Diabetic patients reported a significant association with tooth extraction due to periodontal disease while smokers reported a significant association with tooth extraction due to caries, both with moderate correlation. Passarelli et al have reported that diabetes and smoking habits have a direct association with tooth loss.8 On the other hand, Kawahara et al have reported that there was no clear correlation between systemic diseases, such as diabetes, and tooth loss.15
With regards to tooth types, the most commonly extracted tooth type was molars due to dental caries primarily followed by periodontal diseases. This finding is in agreement with Passarelli et al and Jafarian et al where they reasoned it to the anatomical development of molar tooth type that results in the formation of grooves and fissures making them more susceptible to dental caries. Additionally, first and second molars erupt in the oral cavity at a relatively young age making them more prone to dental caries and periodontal attacks.8,9
Lower incisors were extracted mostly due to periodontal reasons. This observation has been reported previously, and a possible explanation was attributed to the fact that lower incisors are less prone to caries as they are protected by the tongue, but are more likely to be retained in older population where they are more prone to periodontal disease.7–9 Premolars were extracted mainly due to orthodontic reasons and endodontic treatment complications, at a lesser extent. This can be attributed to the fact that premolars are extracted either for relieve of crowding or for facial profile change. The least common extracted teeth were the canines; a possible justification is that canines have prominent smooth clinical crowns and large bulbous roots with an extensive periodontal attachment making them resistible to caries and periodontal diseases.
According to the results of the present study, dental caries and periodontal disease continue to be the foremost causes of permanent tooth extraction. This emphasizes the role of the oral healthcare provider in raising oral health awareness among the general population on one side and provide preventative measures for patients with a high risk for caries or periodontal disease.
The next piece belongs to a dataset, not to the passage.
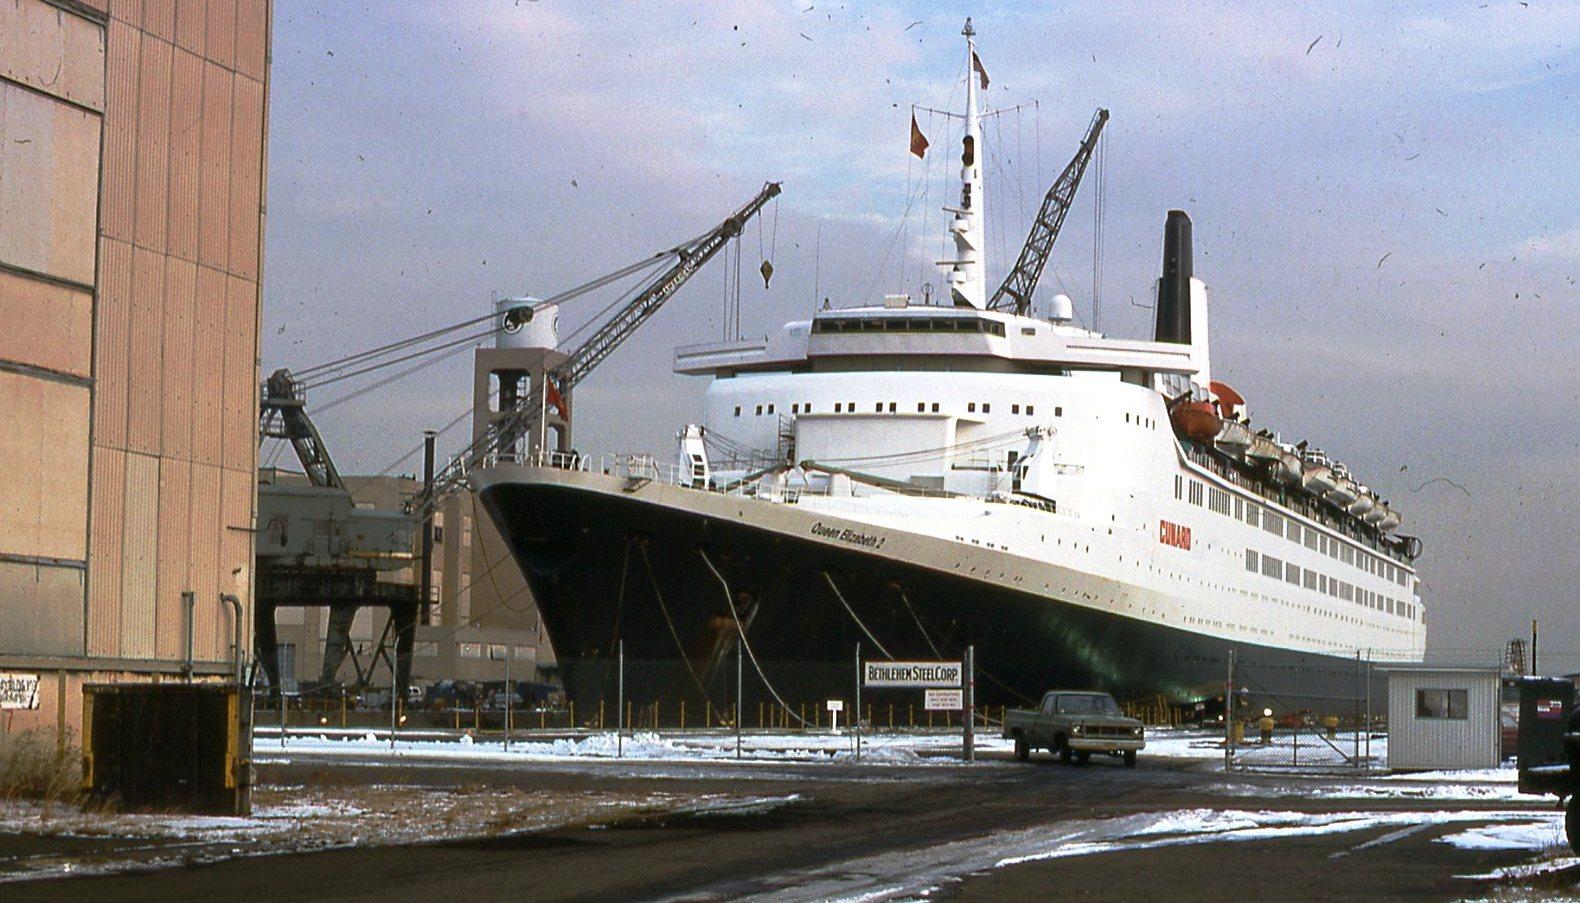 QE2 at Bethlehem Shipyards, circa 1974.

This study had some limitations that might be beneficial to explore in future projects. For instance, oral hygiene status needs to be explored in association with the number of extracted teeth. In addition, caries risk assessment tests and periodontal screening tests including Streptococcus mutans, Lactobacilli, and Porphyromonas gingivalis species count, in addition to saliva buffering capacity and production tests can be explored in order to test the degree of association with the reasons of tooth extraction.
We found that dental caries, periodontal disease, and endodontic treatment complications were the most common causes of extraction. However, this study has provided that age, diabetes, and smoking habits were found to be suitable forecasters for permanent tooth loss as they displayed strong statistical association. Further studies are needed to provide an overview of the role of the oral healthcare provider in raising awareness of oral health and provide efficient screening strategies for caries and periodontal disease in order to shift the paradigm of dental health from oral disease treatment to disease prevention.
The author would like to thank Mrs Daiven Manuel for assisting in data collection and data entry.
The author reports no conflicts of interest in this work.